Digital Rights Management
Firms at odds over digital rights
Digital Rights Management
Consumers carrying home their smart new Apple iPods might not realise
that they are buying into proprietary digital rights management. The
iPod will happily play unprotected content in formats such as MP3 and
WAV, but wont play protected content in any format other than AAC
protected by Fairplay, Apple’s digital rights management (DRM) system.
Equally, if you purchase music from Apple’s iTunes store (assuming that it
eventually opens in Europe), you will find you cannot easily download
the content to your Creative Nomad MP3 player, for example, which only
understands the DRM used by Microsofts Windows Media Audio (WMA) or, in
recent models, Reals Helix DRM 10.
It will get worse. And for IT
managers this may be bad news because standards used to guard consumer
content will no doubt leak into products for corporates. Philips and
Sony between them are due to launch a new DRM technology based on their
acquisition of InterTrust last year. With Microsoft, Apple, Real and
Philips/Sony thats at least four major players with incompatible DRM
systems a situation that is sure to cause misery for consumers.
Efforts to protect CDs have failed, but when most music is delivered
electronically, DRM-protected music is likely to become the norm. If the
music industry is to have any future, DRM must succeed. The problem is
that DRM delivers zero benefit to the consumer, for whom it is merely a
cost and a hassle. It exists solely to protect the publisher.

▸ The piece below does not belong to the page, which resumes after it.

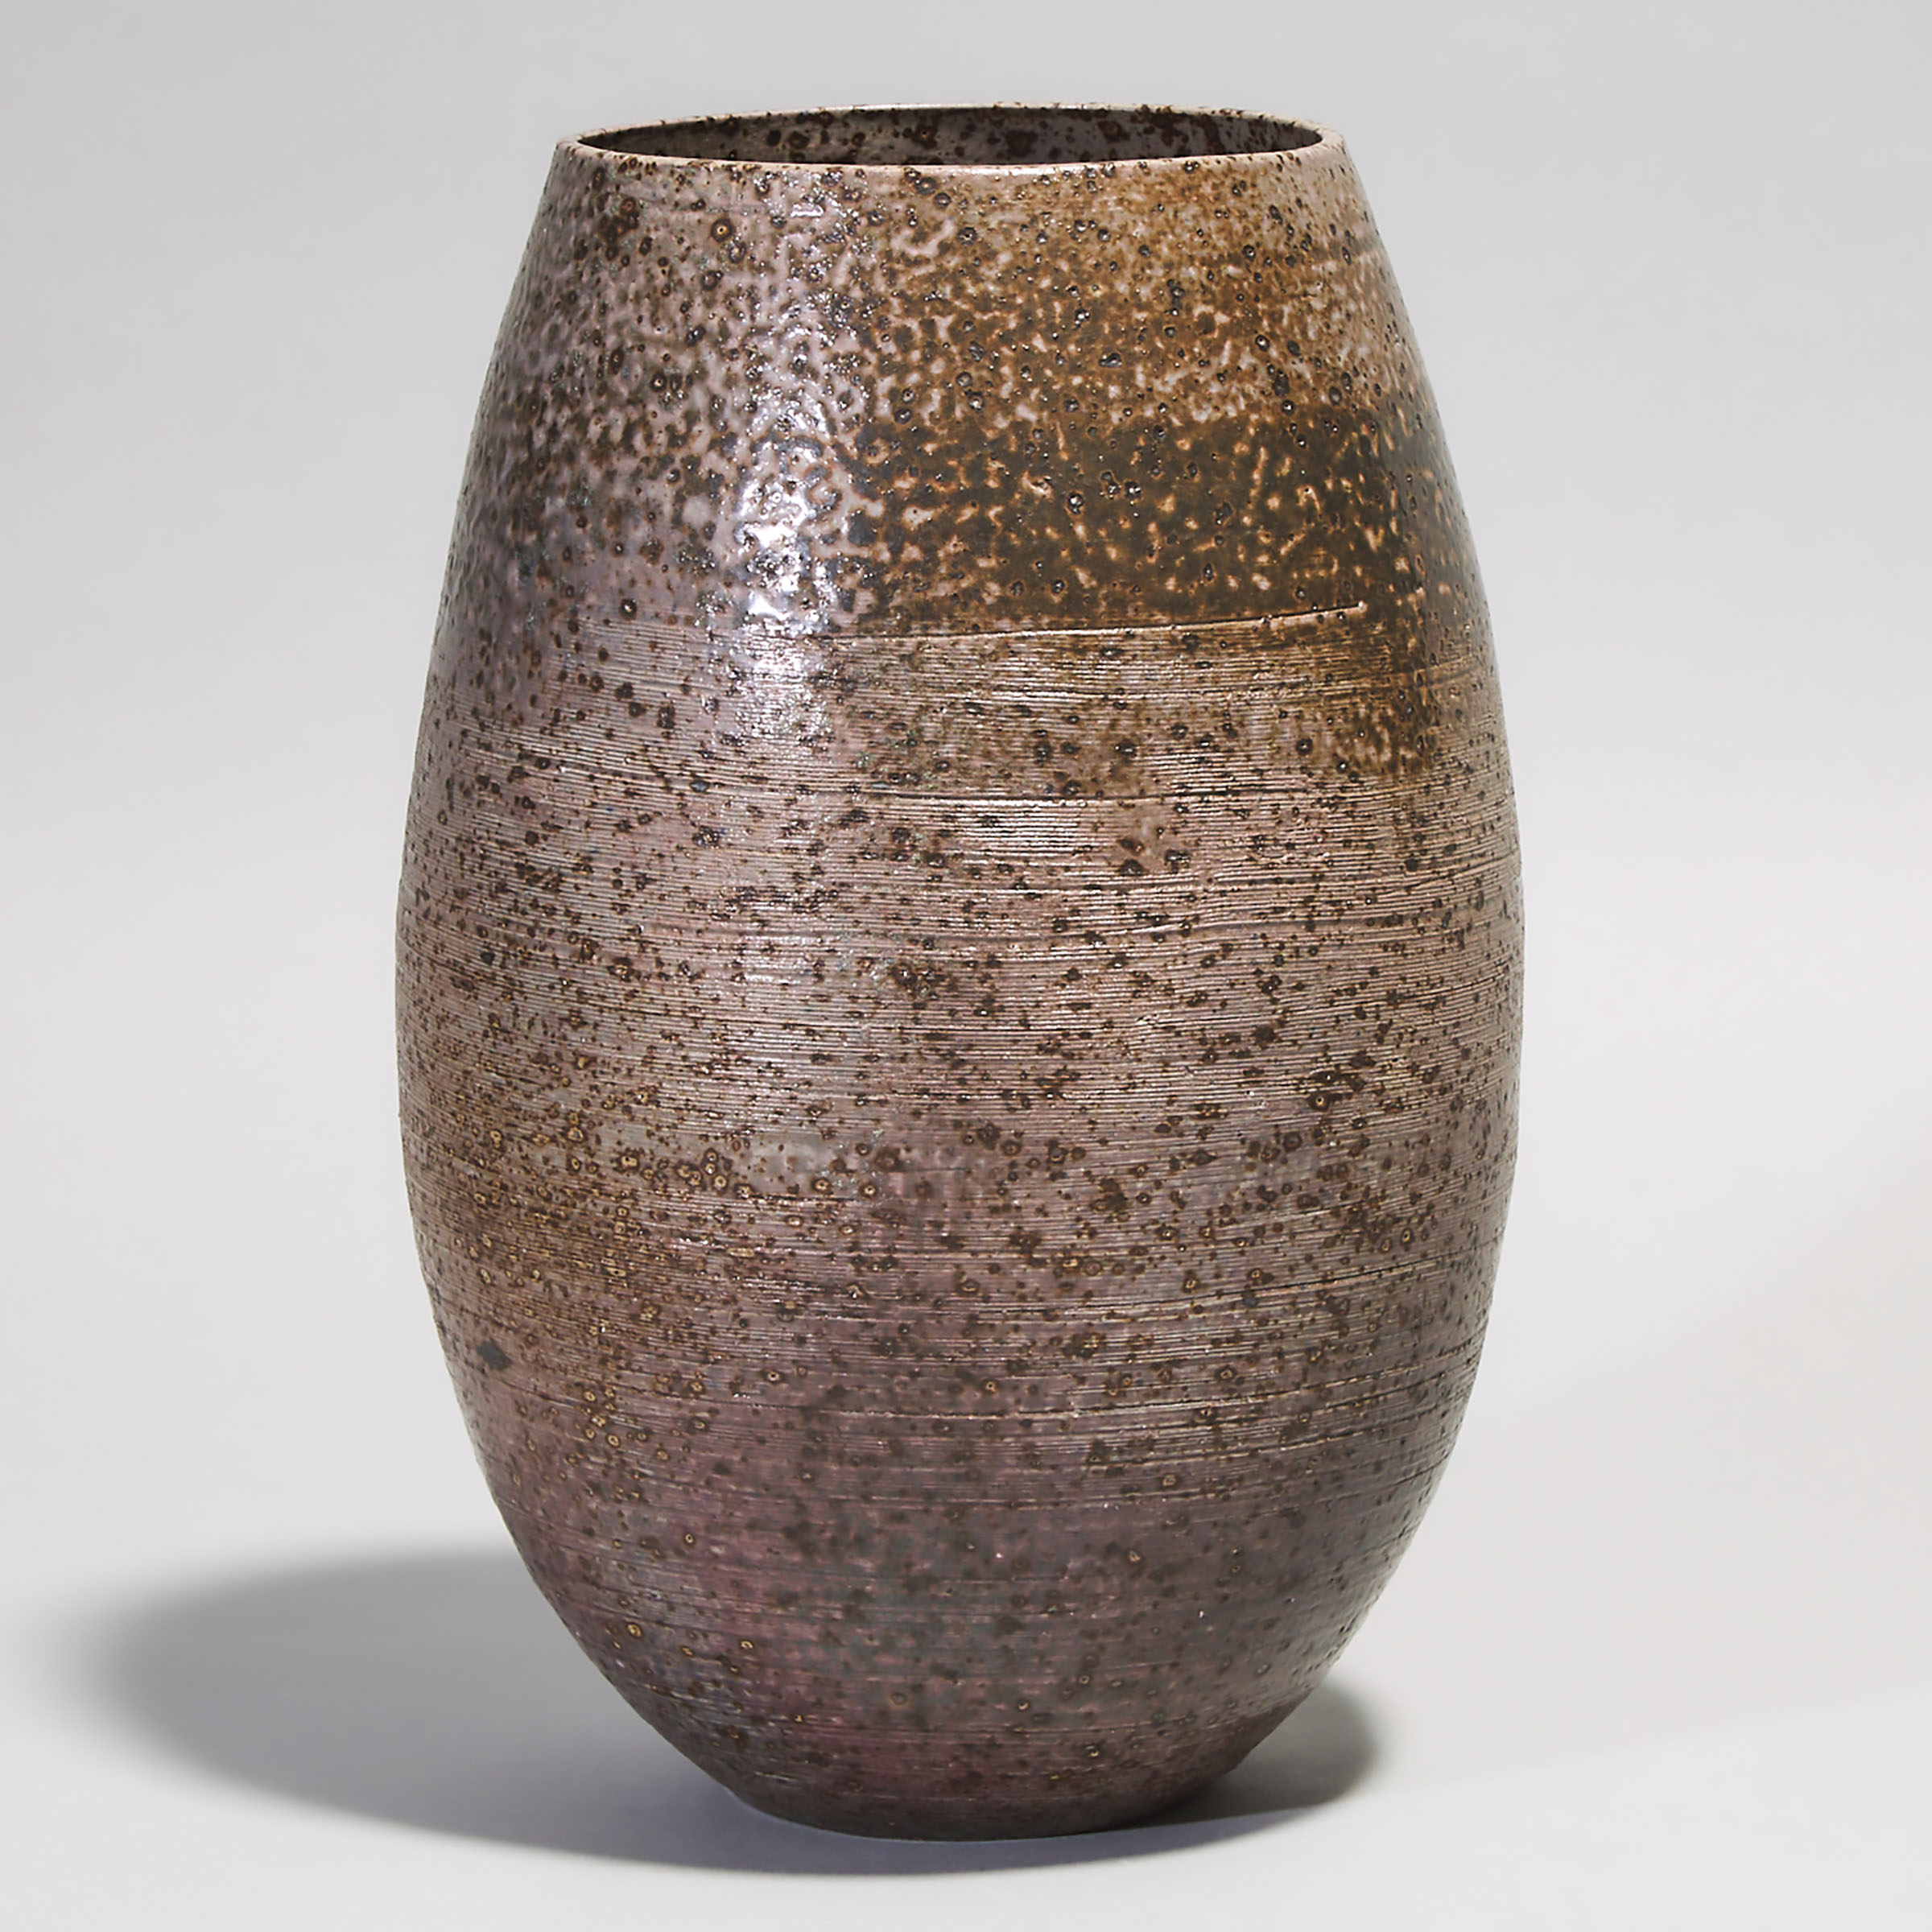 Kjeld & Erica Deichmann (Canadian, 1900–1963 and 1913–2007), Vase, mid-20th century

Consumers will put up with DRM if it is seamless and convenient, but not
when it brings them nothing but pain. There are several possible
outcomes. One is that a single body will win the DRM wars. It might be
Microsoft, which currently has the most widespread adoption, and has
been strengthened by partnerships with the likes of Dell and Disney. It
might be Apple, especially since HP is partnering with Apple for its
forthcoming mobile music devices. It might be Philips and Sony, late
entrants but with formidable clout in the home entertainment market.
However, its unlikely that any of these major vendors will willingly cede
control and license fees to a competitor. The resulting format wars
could well have an unwanted result: consumers may seek out unprotected
content and turn their back on DRM altogether.
If DRM is really
going to work, there has to be a cross-industry, non-profit solution.
Any two of the entities mentioned above could make this happen. It
requires the setting up of an organisation whose sole function is to
specify and manage DRM on behalf of the content providers on the one
hand, and the software and hardware vendors on the other. It would be
analogous to the Liberty Alliance, set up to counter Microsofts Passport
with an open standard for network identity and having considerable
success. Without unity, DRM is heading deeply into the mire.